Mr. Hoagland has also taught writing at various colleges throughout his career. His mantra for his students was to write about what they love, a corollary to the old adage to write what you know. Mr. Hoagland practices what he preaches.
“I love tugboats, I love turtles, I love mountain lions,” he said, referring to subjects he has written about extensively. And when Mr. Hoagland loves something it is not from a distance. Consider his experience with a mountain lion he fell for while working at The World Jungle Compound in Ventura, Calif., where film studios kept their movie animals. The mountain lion was a fully-grown pregnant female, one of the many MGM kept on its film lot. One day, on impulse, Mr. Hoagland decided to enter the cage.
“I was on all fours, it [the cage] was low,” he remembered. “Then she sprang at me, thrust her paw to my face. Her paw was as large as my whole face, but she kept her claws in. That’s why I still have a face.”
Mr. Hoagland credits some of his success as an essayist to his stutter, something he has struggled with for his whole life.
“I used my stutter as best I could. I used it to learn how to interview people.”
His stutter forced him to listen rather than interrupt the flow of someone else’s words. It also helped form his view of the world as an outsider, never fully comfortable with his oral presentation. This standpoint reveals a large piece of the puzzle of what makes him such a great writer.
Case in point, midway through the interview, Mr. Hoagland talked about how he interviews his subjects.
“I get people to talk about what they care about,” he said. He gave some examples of what he might ask a subject; about their work, their life and then he turned his gaze on the interviewer.
“I know you have children so I would ask you about them,” he said.

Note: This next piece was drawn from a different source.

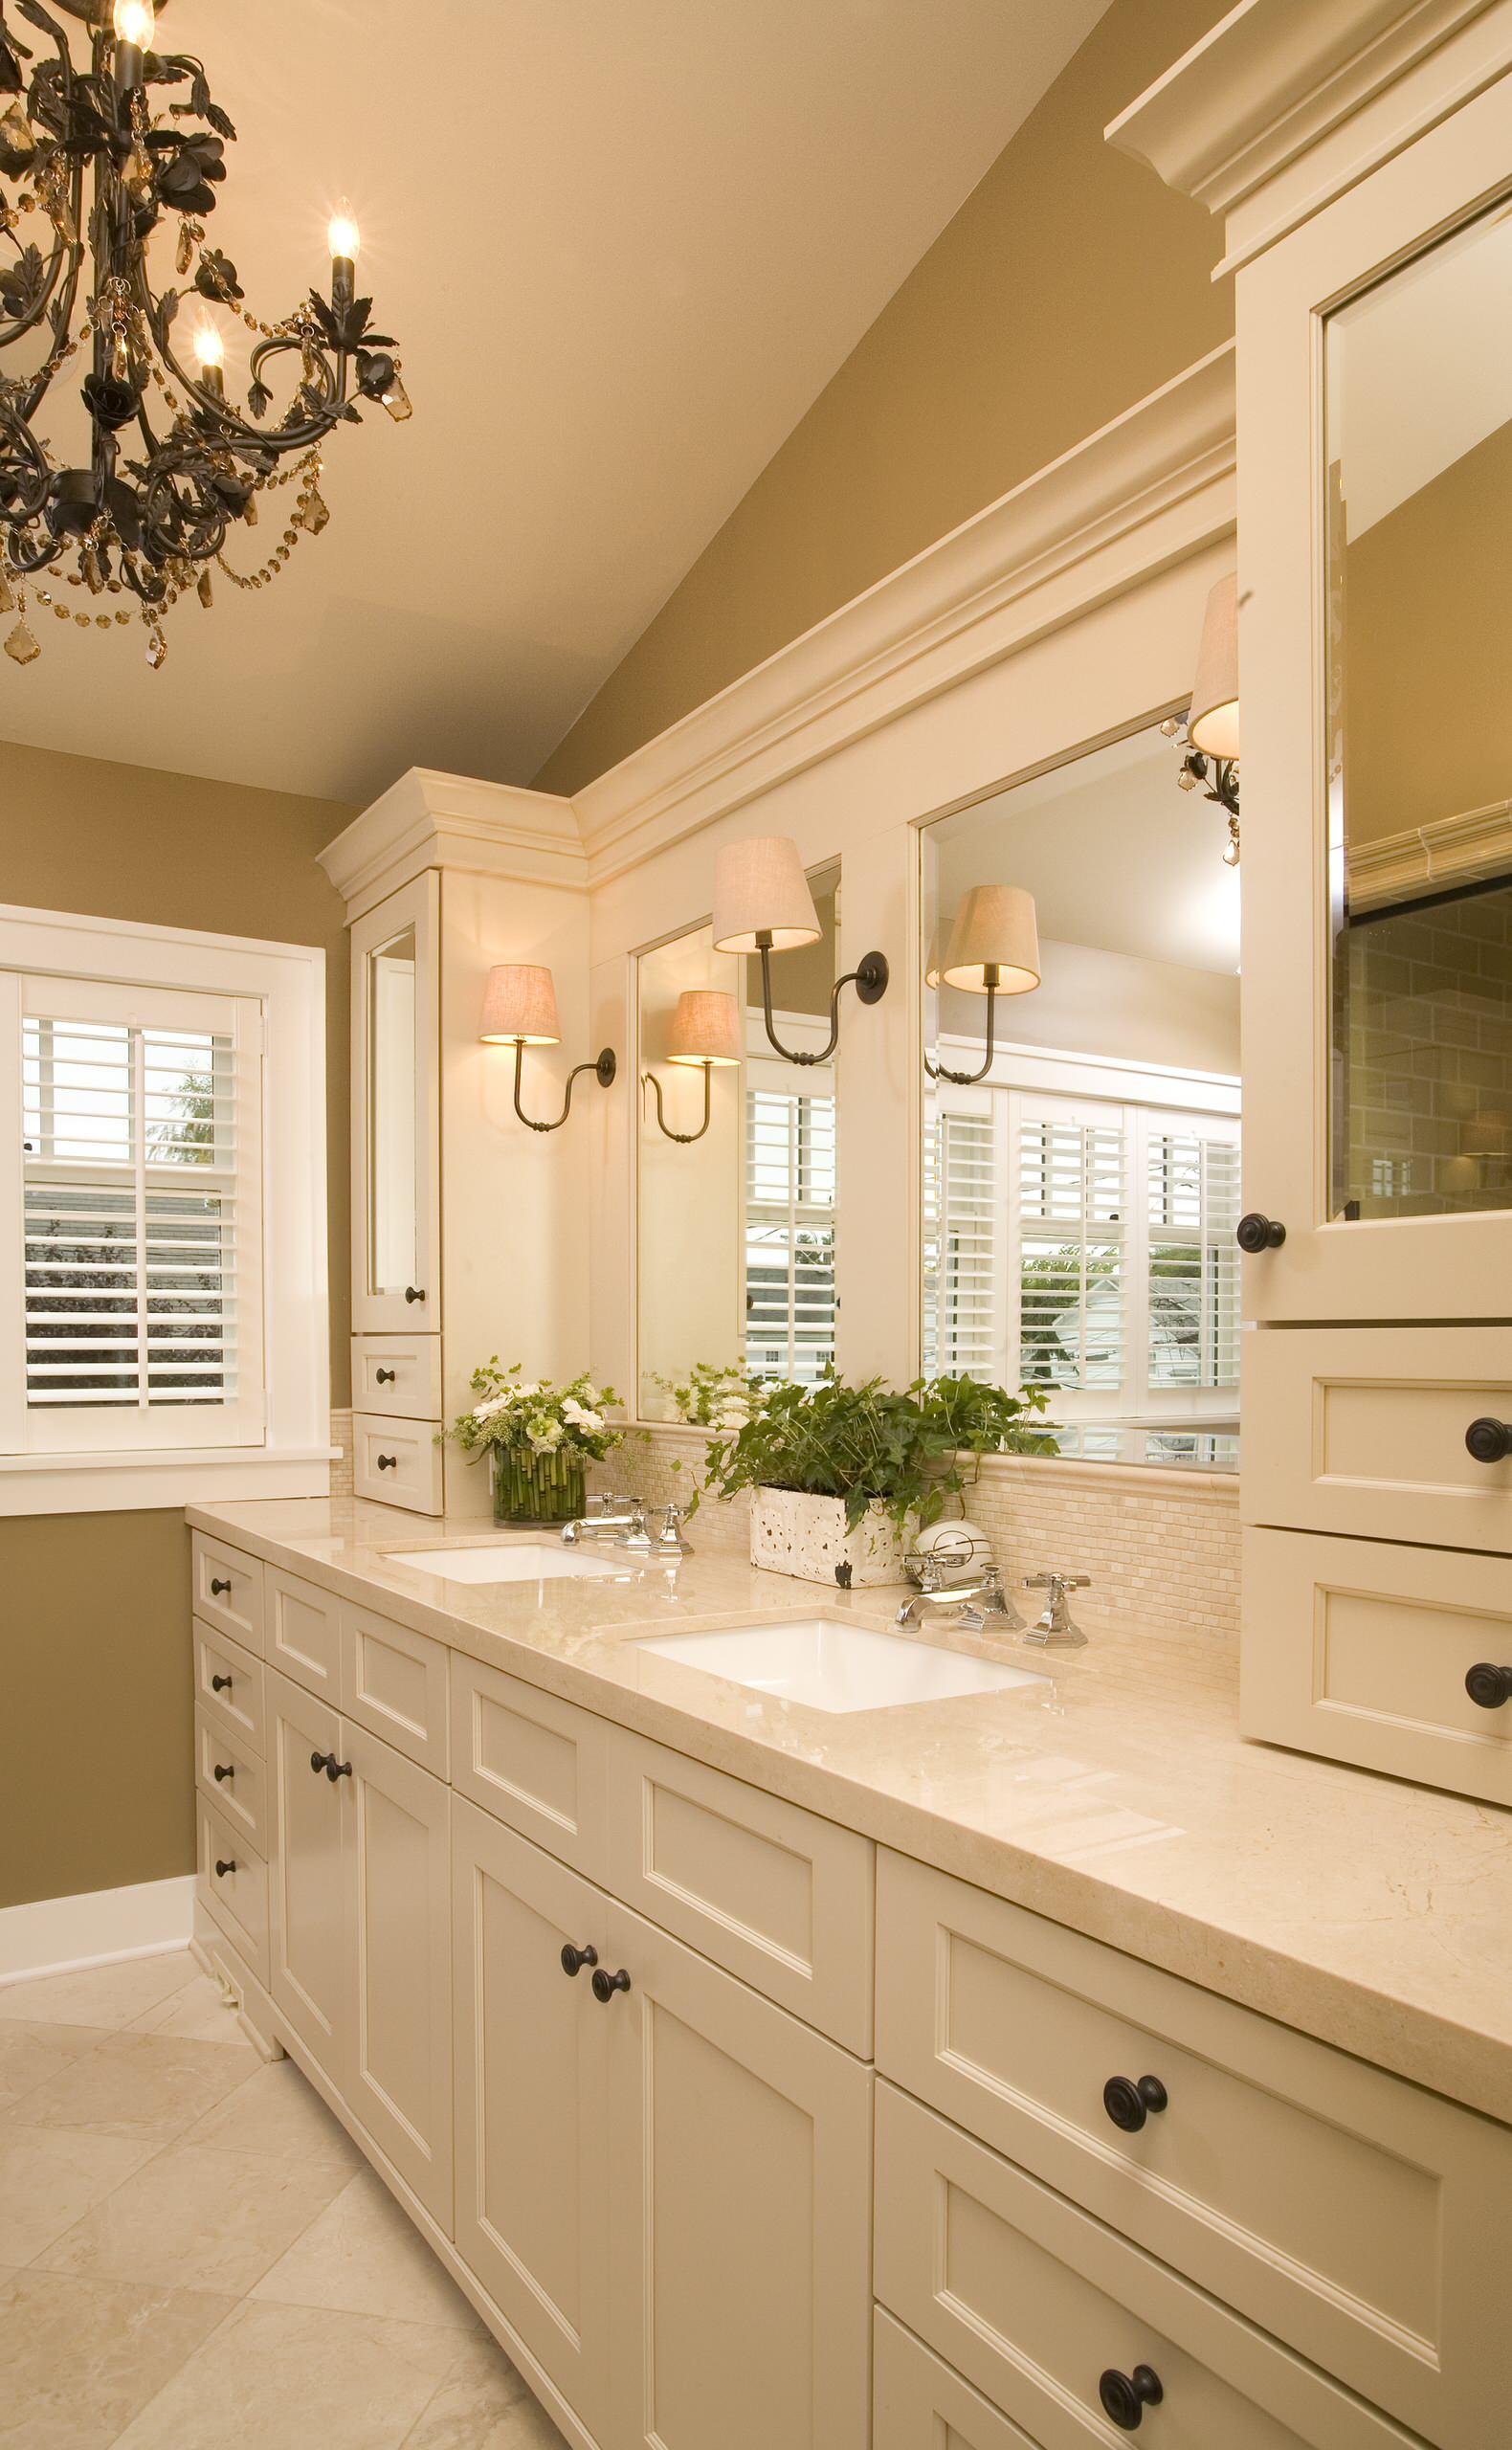 75 Beautiful Travertine Tile Bathroom Pictures Ideas December 2020 Houzz

Then he did begin asking questions, just a few, but in the shift from for-instance to in-the-moment, the entire energy of the room shifted also. Mr. Hoagland’s focus became so acute in its curiosity and empathy it was as if he had placed his heart on the table in solidarity. This was no reporter’s trick, either, no ruse to get one to talk. It was fully genuine, just a natural extension of a man who says, “I love rubbing shoulders with the masses of people.”
It also revealed that extra gear, the unquantifiable one, of why Mr. Hoagland has always been, and will always be, at the top of his craft.